Now we’re into 2013 and Malmo is getting ever closer, the thoughts of many are turning to the rule changes being made for the 58th Eurovision Song Contest and what it could mean for the show. And by ‘rule changes’ we mean the alterations to the running order. To recap, the running order will no longer be determined by drawing lots, but by the production team.

The fans are up in arms and if you ask them now there is still a huge resentment, the running order ‘will decide the winner of the Contest’, ‘it allows a fix’, and ‘it’s not fair’ being typical viewpoints. That’s a viewpoint not shared by Jon Ola Sand, Executive Supervisor of the Eurovision Song Contest, who told ESC Insight that “there is indeed no significant statistical impact of the running order on the result” and “the ESC Reference Group are confident that both artists and viewers will benefit from this decision.”

That’s a line of thought that is hard to understand. Everyone knows the running order has an impact on the result… doesn’t it?

Glen Vella

Glen Vella needed just one more point…

Over the holidays the ESC Insight team have been doing some research through the world of statistics and academia to try and determine just how much of an effect the running order could have on the 2013 result.
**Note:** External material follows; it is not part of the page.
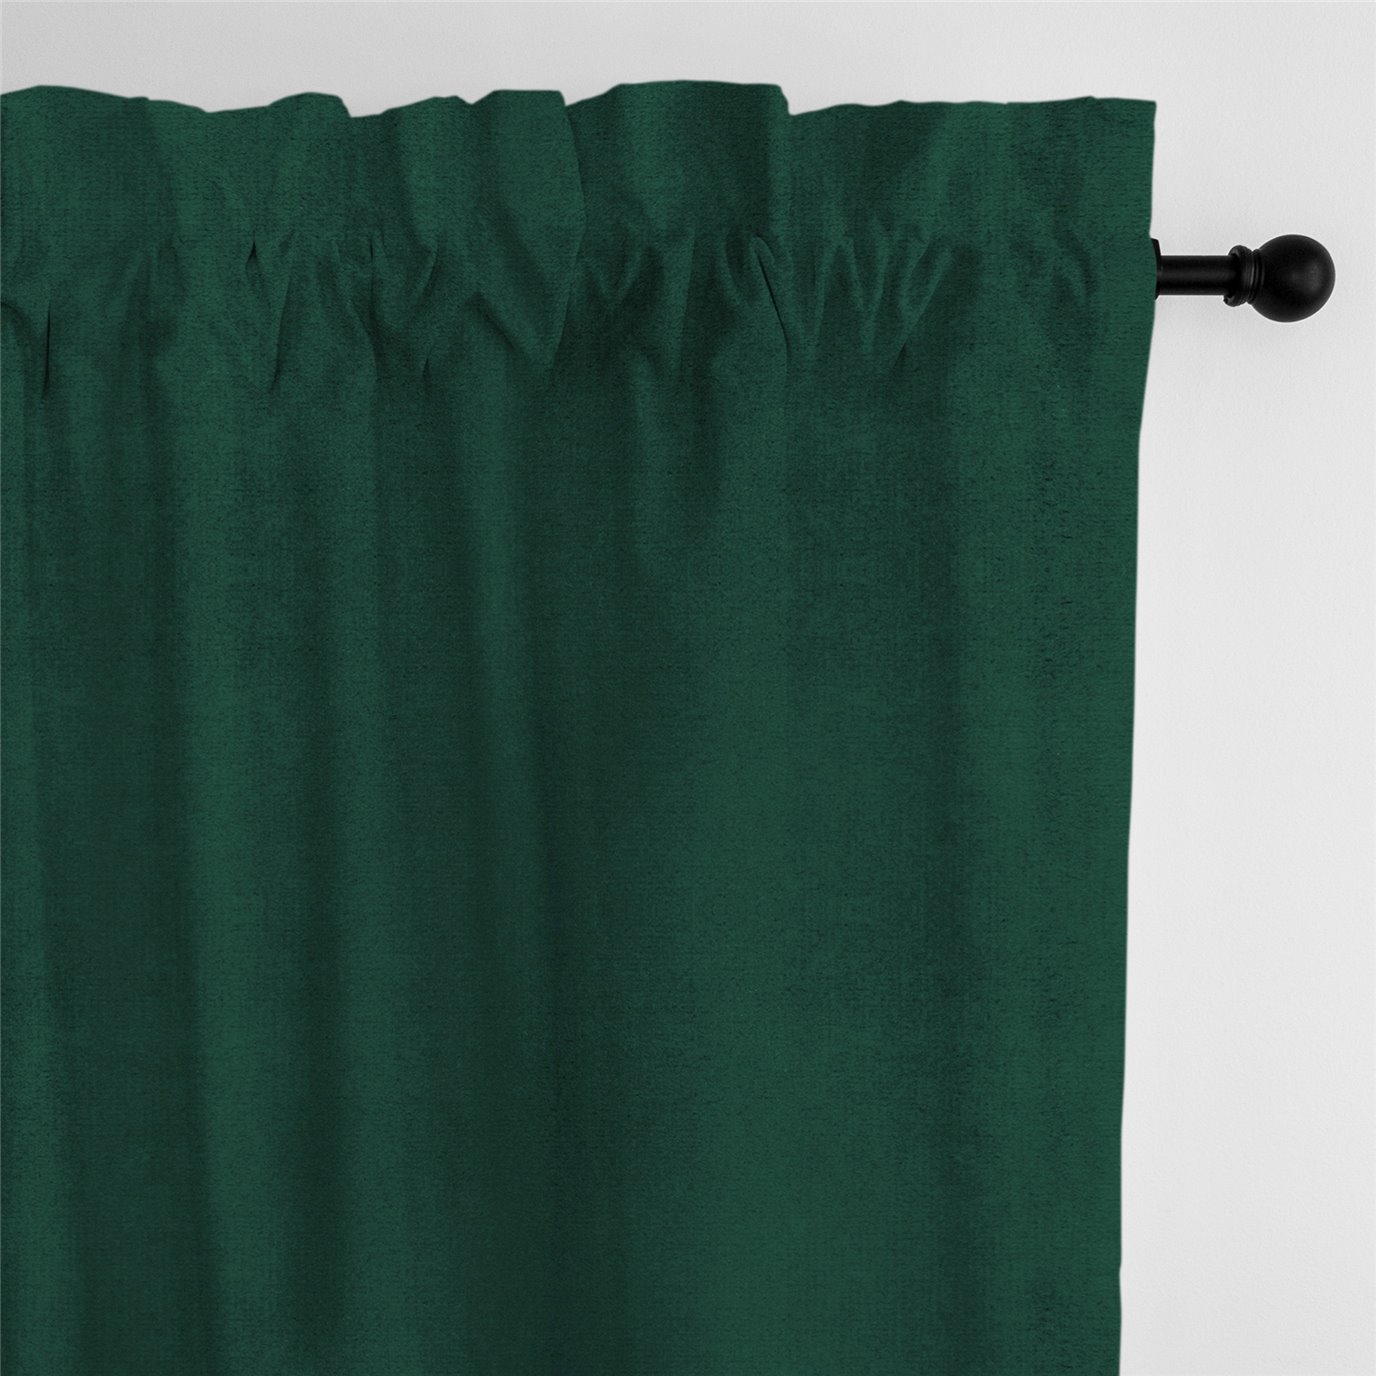 Vanessa Emerald Pole Top Drapery Panel - Pair - Size 50"x144"

We’ve been crunching numbers, running scenarios, and reading so many papers on statistics we think we’ve finally worked out what a z-value is. The conclusion is a simple one. The running order does impact on the result.

So were the academics right? Or was the EBU?
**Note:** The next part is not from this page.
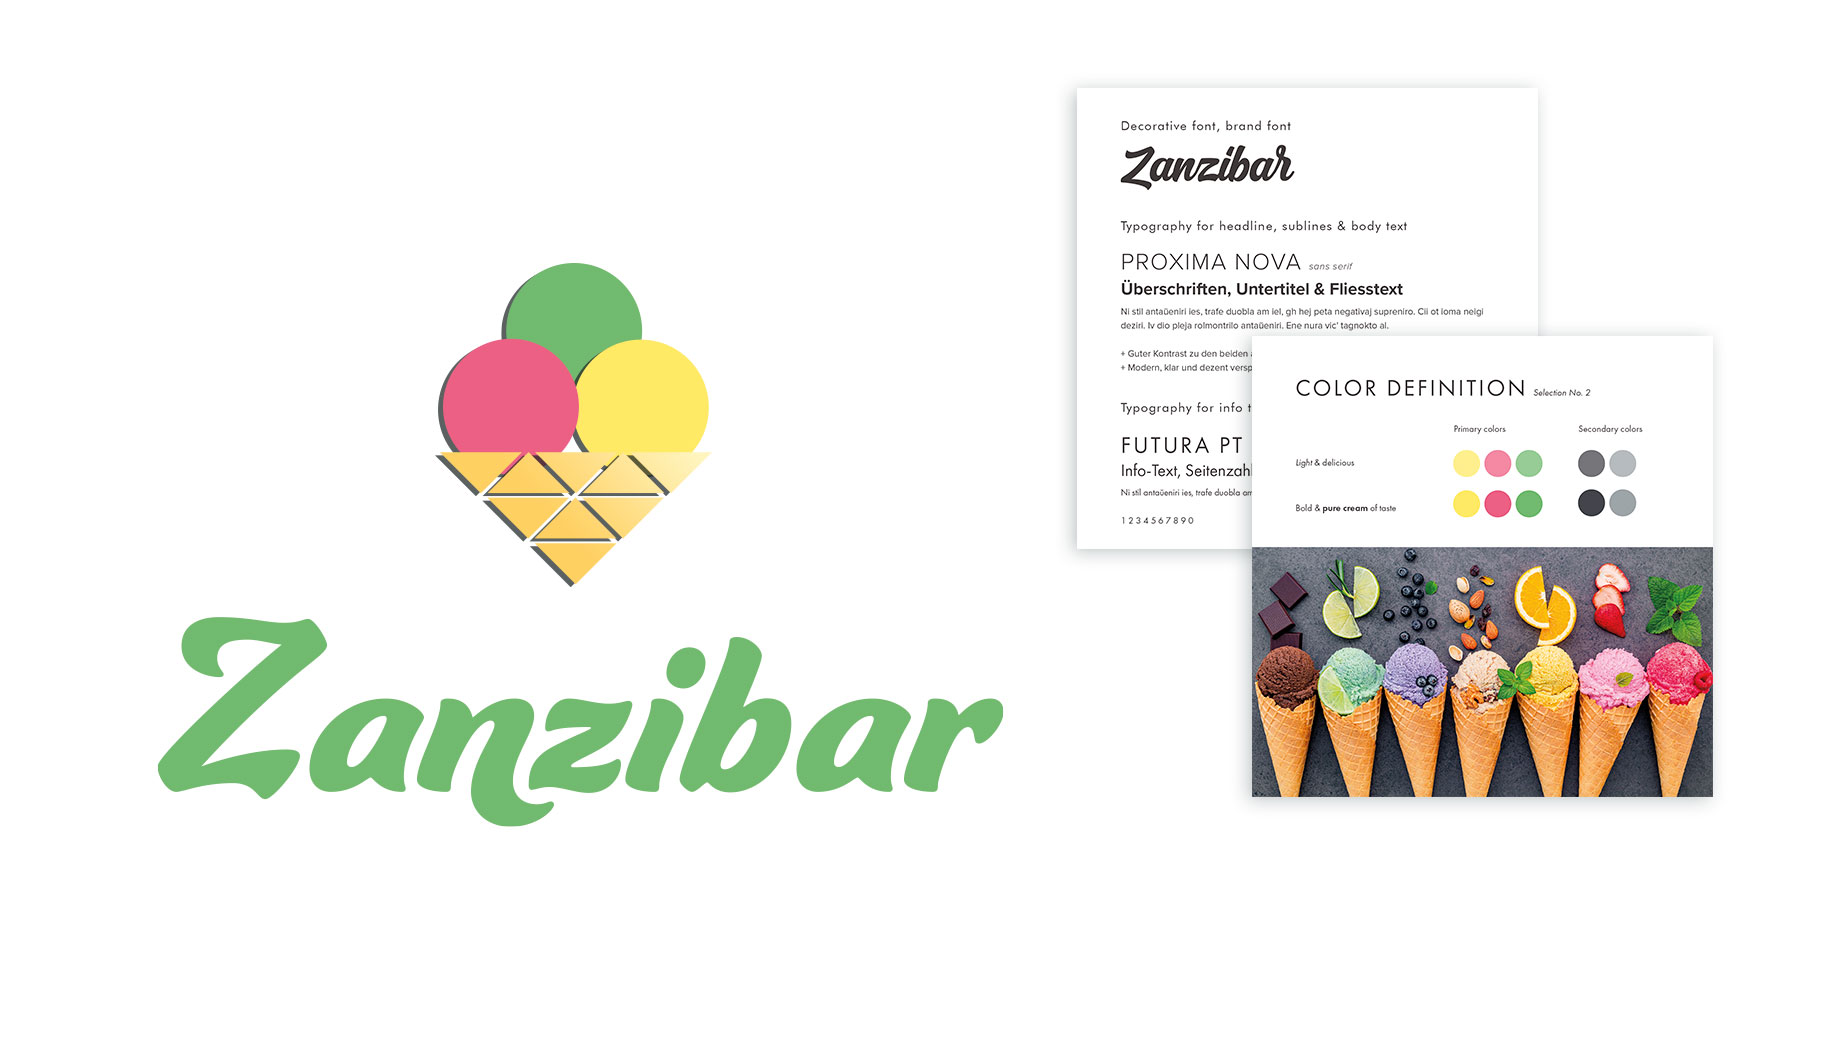 Zanzibar - Art Director - Corporate Identity - Corporate Text and Design - Brand Concept - Final Art

It turns out that they both were.

The Running Order Myth That Fans Hold On To

Over the last month, I’ve been asking Eurovision fans casually how much influence they think the running order has on the final results. While some people have said as much as 65%, the general consensus is around the 40%-50% mark. Given that belief, is it any wonder there was so much noise and fury when the changes were announced last year?

Part of the problem here is that idea of the influence feels right. The running order, something that fans delight in discussing and using it to project the final result is a time honoured tradition. How many episodes of our Juke Box Jury previews have contained the phrase “if this gets a late draw it’ll do well”? Looking at results such as Lane Moje (singing fifth) and Chiara’s Angel (singing third) both being beaten by songs later in the order, fans have the circumstantial evidence and hunches to back up the myth.

Chiara, Angel

‘Perhaps I should audition for ‘The Killing’?’

The Contest Must Also Be Entertaining Television

First of all, the Eurovision Song Contest is not a fixed format. It continues to evolve, as Sharleen has pointed out in All These Changes Are Good For Eurovision. Do you still want Eurovision to be aired in black and white, with an orchestra attempting to cover Euphoria, to an invited audience in evening wear?

The running order change is one that the EBU believe will improve the show. Jon Ola Sand, Executive Supervisor of the Contest told ESC Insight when the change was announced that “what does impact the Eurovision Song Contest as a whole in terms of ratings and televoting participation, and most likely the result as well, is if numerous ballads or up-tempo songs follow each other up, in other words, if the composition of the program is done randomly.” As to the running order impact, it’s back to our favourite quote of “no significant statistical impact of the running order”.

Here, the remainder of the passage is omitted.